A solution of benzyl 4-((2,4-bis(benzyloxy)-6-pentylbenzoyl)oxy)-2-hydroxy-6-pentylbenzoate (6) (135 mg, 0.19 mmol) in ethyl acetate (5 mL) was treated with 10% Pd/C (38 mg). The mixture was stirred at room temperature under 1 bar of H₂ atmosphere for ca. 2 h. The reaction was stopped once it was complete (monitored by HPLC). The mixture was filtered through Celite and washed with ethyl acetate. The combined organic layer was evaporated under reduced pressure (the water bath temperature was kept below 30 °C) to give anziaic acid as a white solid (78.6 mg, 95%). ¹H NMR (400 MHz, CD₃OD, ppm) δ 6.62 (d, J = 2.4 Hz, 1H), 6.56 (d, J = 2.0 Hz, 1H), 6.27 (d, J = 2.0 Hz, 1H), 6.22 (d, J = 2.4 Hz, 1H), 2.92 (t, J = 7.2 Hz, 2H), 2.86 (t, J = 7.6 Hz, 2H), 1.62–1.60 (m, 4H), 1.34–1.32 (m, 8H), 0.91–0.86 (m, 6H); ¹³C NMR (100.5 MHz, CD₃OD, ppm) δ 173.89, 170.41, 166.05, 164.34, 164.14, 154.90, 149.36, 149.04, 116.22, 113.16, 112.23, 109.03, 105.22, 102.01, 37.73, 36.79, 33.21, 33.13, 32.99, 32.62, 23.60, 23.46, 14.44, 14.38; MS (ESI⁻): m/z 429.3 [M-H] ⁻; HRMS (ESI⁺) Calcd for C₂₄H₃₀O₇ (M+Na⁺): 453.1884, Found: 453.1887; HPLC purity: 100% (254 nm), t_R: 7.54 min; 100% (220 nm), t_R: 7.54 min.

The spectroscopic data of synthetic anziaic acid are consistent with those of isolated anziaic acid natural product from lichen Hypotrachyna sp.²⁷

Synthesis of other structural analogues of anziaic acid is described in the supporting information.

Topoisomerase inhibition assays

The topoisomerase assays were performed as previously described.²⁷ The IC₅₀ values were determined from average of experiments repeated at least twice.
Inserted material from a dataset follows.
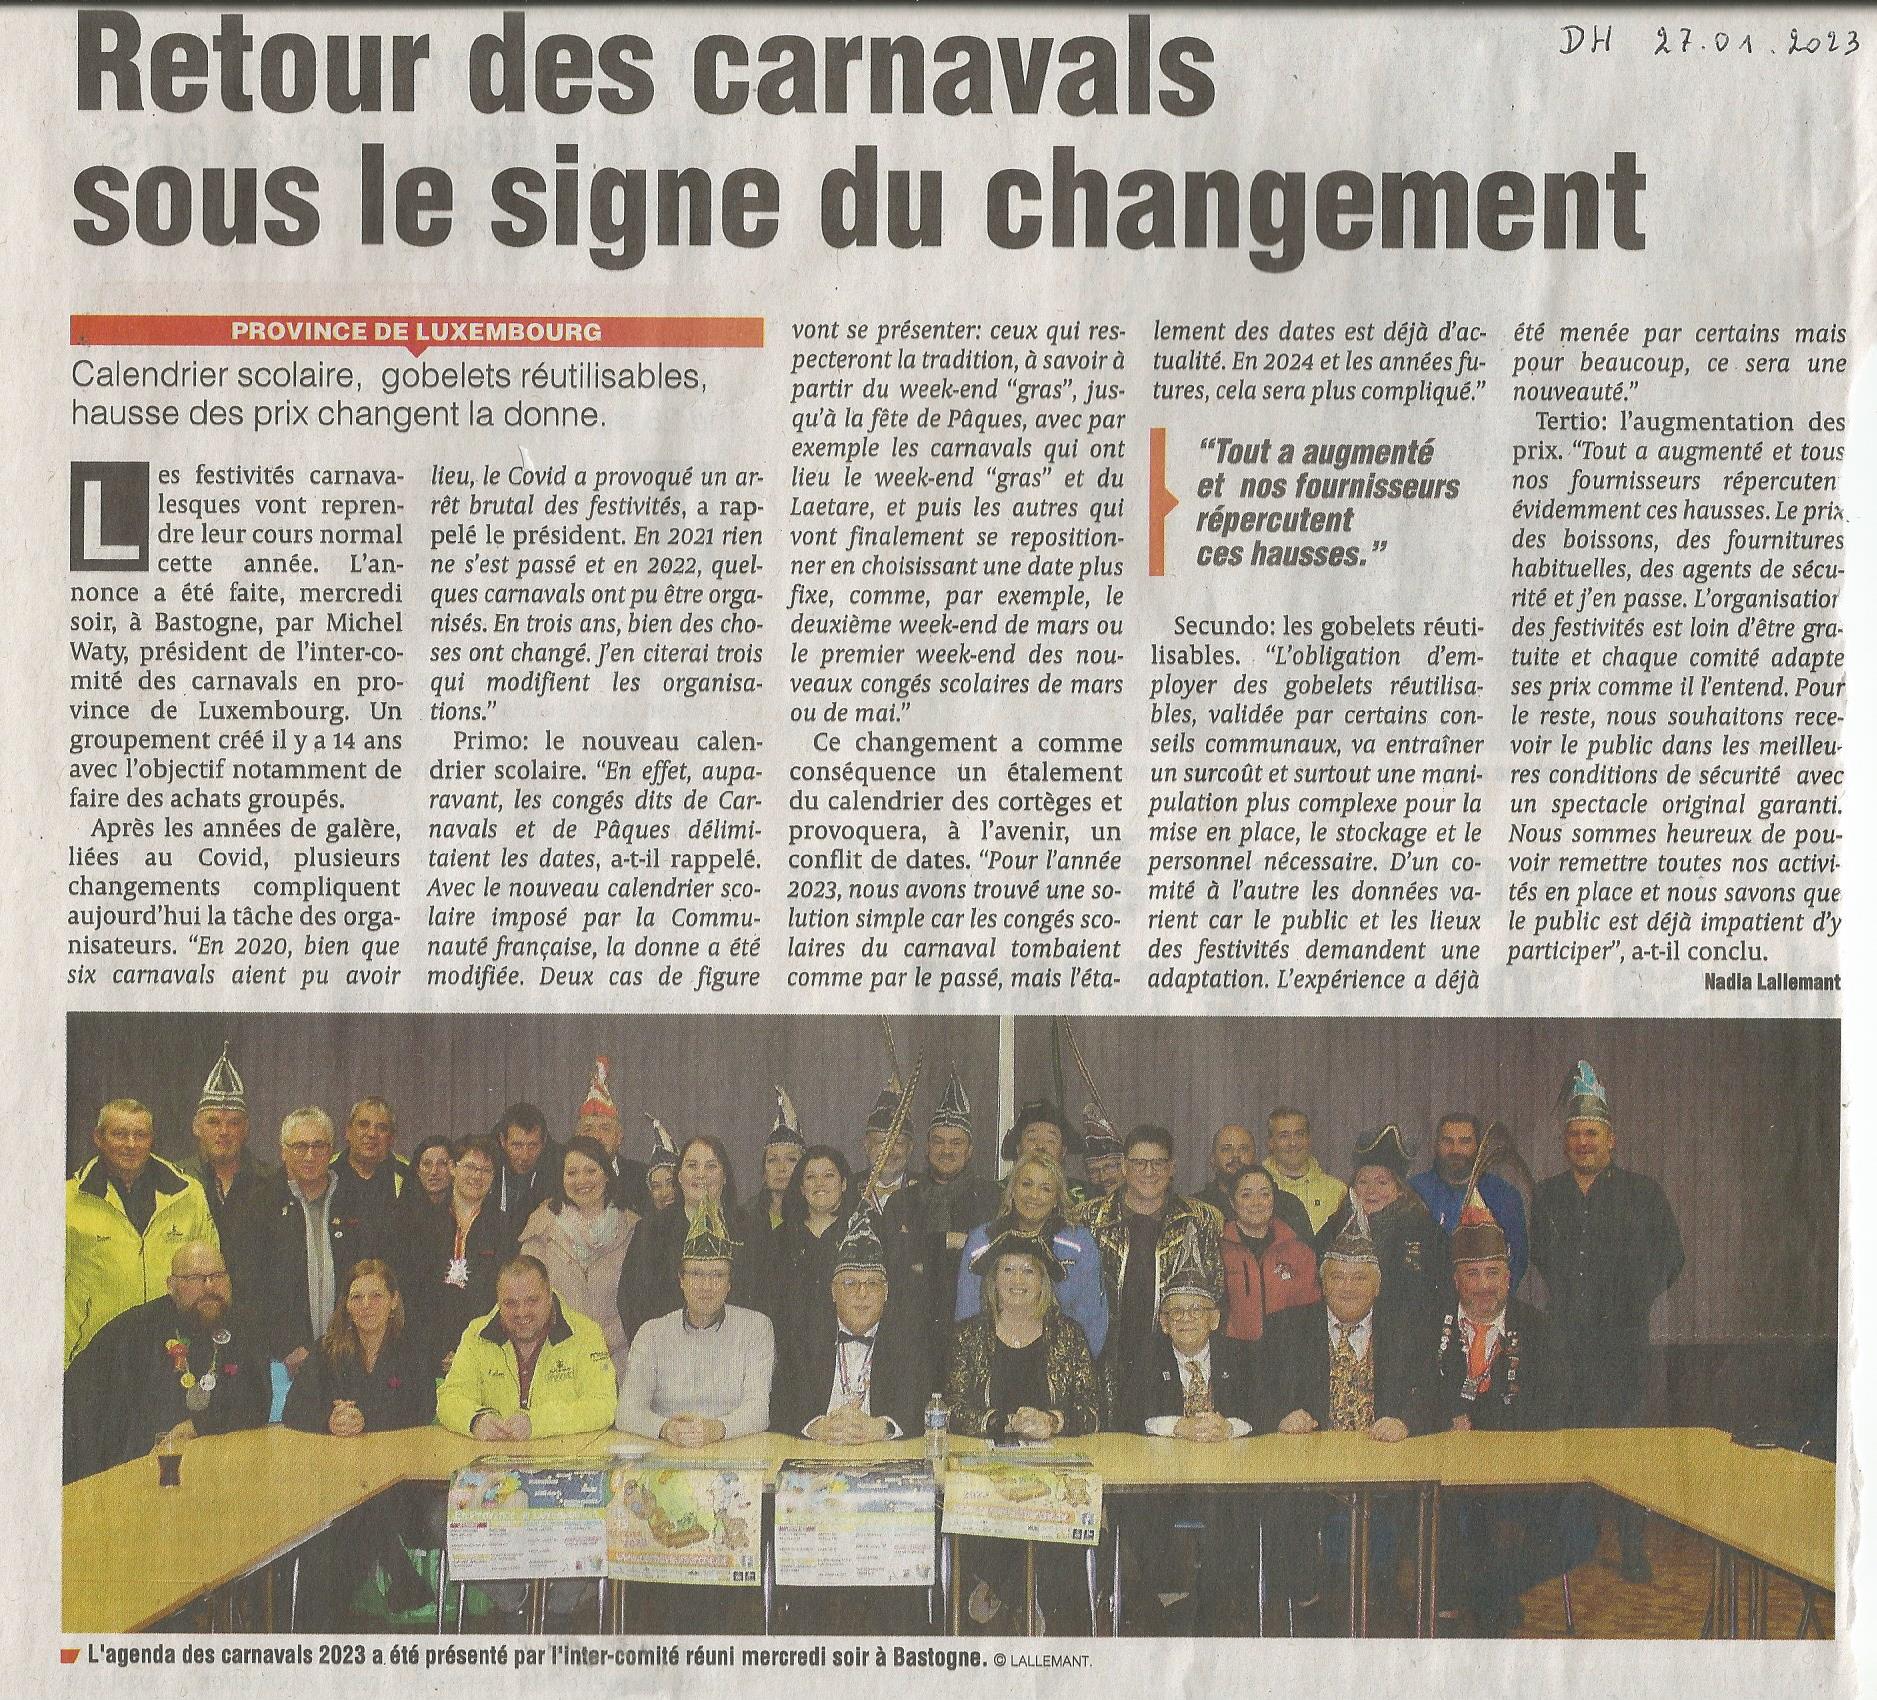 Carnaval de Martelange, Revue de presse de Jérôme 1er

Briefly, inhibition of relaxation activity of 10 ng of E. coli topoisomerase I was assayed with 250 ng of supercoiled pBAD/Thio plasmid DNA substrate purified by CsCl gradient. The relaxation reaction was carried out in 20 μL of 10 mM Tris-HCl, pH 8.0, 50 mM NaCl, 0.1 mg/mL gelatin with 0.5 mM MgCl_2. After 30 min at 37°C, the reactions were terminated and analyzed by agarose gel electrophoresis.

Human topoisomerase IIα (from TopoGen) relaxation assay and E. coli DNA gyrase (from New England BioLab) supercoiling assay were carried out as recommended by the suppliers. Relaxed plasmid DNA substrate for DNA gyrase was purchased from New England BioLabs.

Antibacterial testing

The MICs of compounds against different bacterial strains grown in cation-adjusted Mueller-Hinton Broth were measured with standard microdilution procedures.²⁷ Complete growth inhibition was recorded after 24 h in a 37°C incubator.